The Nicaraguan government prohibited the demonstrations in November last year and have accused the protesters of intending to cause chaos.

Montes had spent much of his childhood and young adult years in the United States, family members say, but returned to Nicaragua in the early 1980s to study medicine. Ortega and his leftist Sandinista party had came to power a year earlier.

In 1984, Montes organised a protest after the Sandinista government passed a law to introduce military service. Gloria Montenegro, his wife of 18 years, said his activism had put him on the radar of the government.

“With those anti-government protests, he became a target [for the government],” Montenegro said, recalling a time during the Cold War when dissidents were backed by the United States and the Nicaraguan government by the former USSR.

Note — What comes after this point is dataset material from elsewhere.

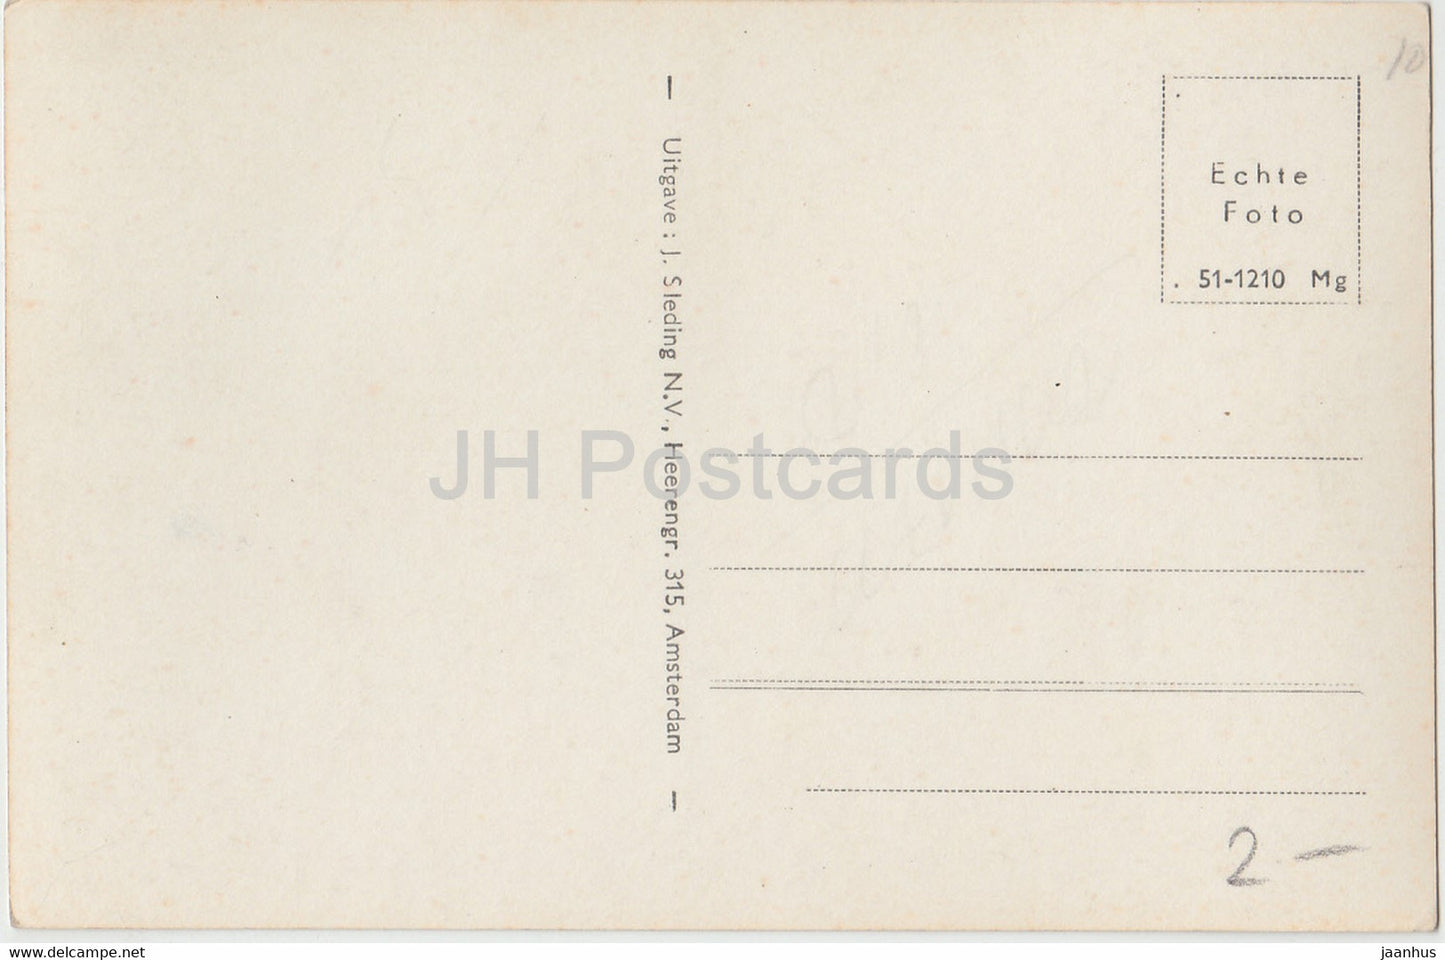 Den Haag - Paleis Noordeinde - old postcard - Netherlands - unused

“So we fled to Costa Rica and after that to the United States, where he decided to join the U.S. Navy.” Montes was based out of San Diego. Later, he worked in real estate.

Montes returned to Nicaragua in 1993 and bought farmland in his native Matagalpa. It was not long until he joined anti-government protests again.

“He was always seen as an opponent,” said Yader Valdivia, an attorney who once worked with the Nicaraguan Center for Human Rights and is now in exile in Costa Rica. “When the protests began, he began to help by bringing in food, supplies and medicine to the students.”

Jafet Montes, his daughter, who lives in California, said Ortega should be held responsible. “I blame the government, I blame the president, because he controls everything that happens in that country,” she said.